This medication contains 2 medicines: atovaquone and proguanil. It is used to prevent and treat malaria caused by mosquito bites in countries where malaria is common. Malaria parasites can enter the body through these mosquito bites, and then live in body tissues such as red blood cells or the liver. This medication is used to kill the malaria parasites living inside red blood cells and other tissues. In some cases, you may need to take a different medication (such as primaquine) to complete your treatment. Both medications may be needed for a complete cure and to prevent the return of infection (relapse). Atovaquone/proguanil belongs to a class of drugs known as antimalarials.
The United States Centers for Disease Control provide updated guidelines and travel recommendations for the prevention and treatment of malaria in different parts of the world. Discuss the most recent information with your doctor before traveling to areas where malaria occurs.
Read the Patient Information Leaflet if available from your pharmacist before you start taking this medication, and each time you get a refill. If you have any questions regarding the information, consult your doctor or pharmacist.
Take this medication by mouth with food or a milky drink (such as whole milk, milkshake) that contains fat. If you vomit within 1 hour of taking a dose, repeat the dose. If you have persistent vomiting after taking atovaquone/proguanil, contact a doctor right away. You may need another medication to prevent vomiting or a different malaria medication.

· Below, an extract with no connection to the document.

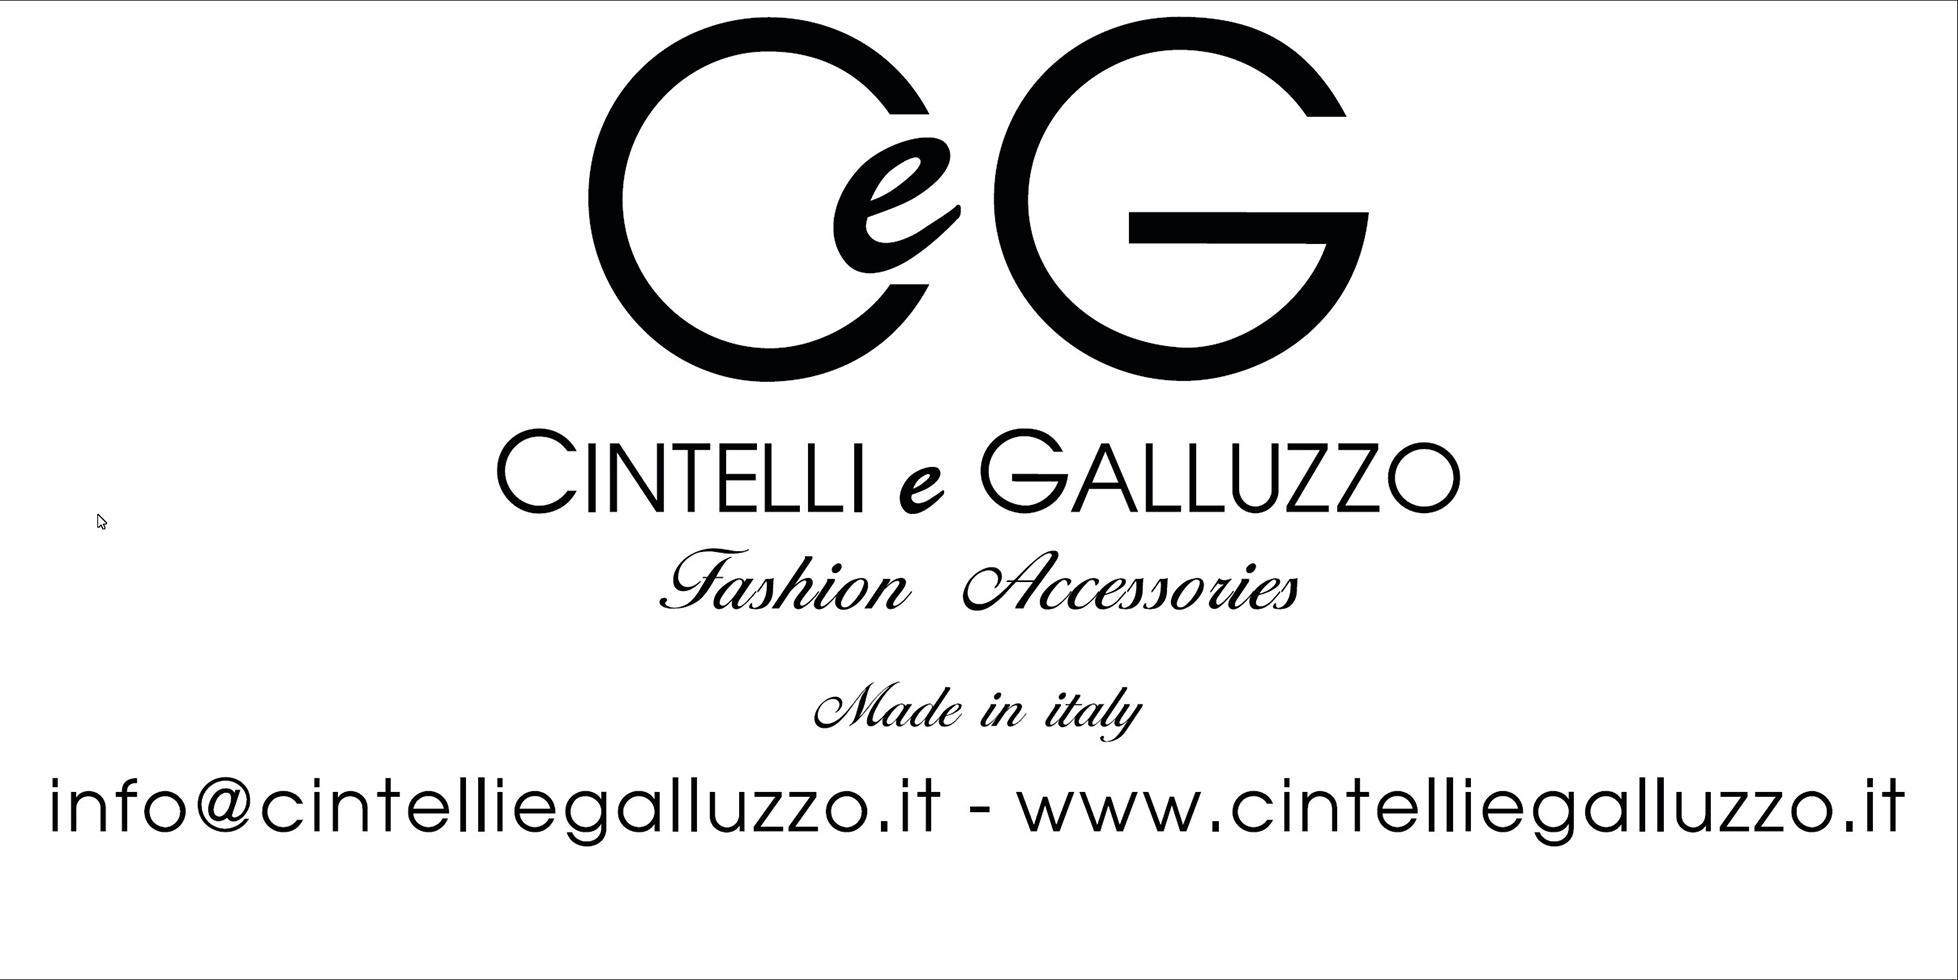 Cintelli e Galluzzo

Swallow the tablet whole because of its bitter taste. Do not chew. If you have trouble swallowing tablets, this medication may be crushed and mixed with condensed milk. Take the entire mixture right away. Do not save for future use.
Dosage is based on your medical condition, on whether you are preventing or treating the illness, and your response to treatment. Dosage in children is also based on weight.
To prevent illness, take atovaquone/proguanil usually once daily at the same time each day, or as directed by your doctor. Start this medication 1-2 days before you enter the malarious area; continue while in the area and for 7 days after leaving.
If needed, primaquine can be taken for 14 days starting during the last week of treatment with atovaquone/proguanil or starting immediately after you have finished treatment.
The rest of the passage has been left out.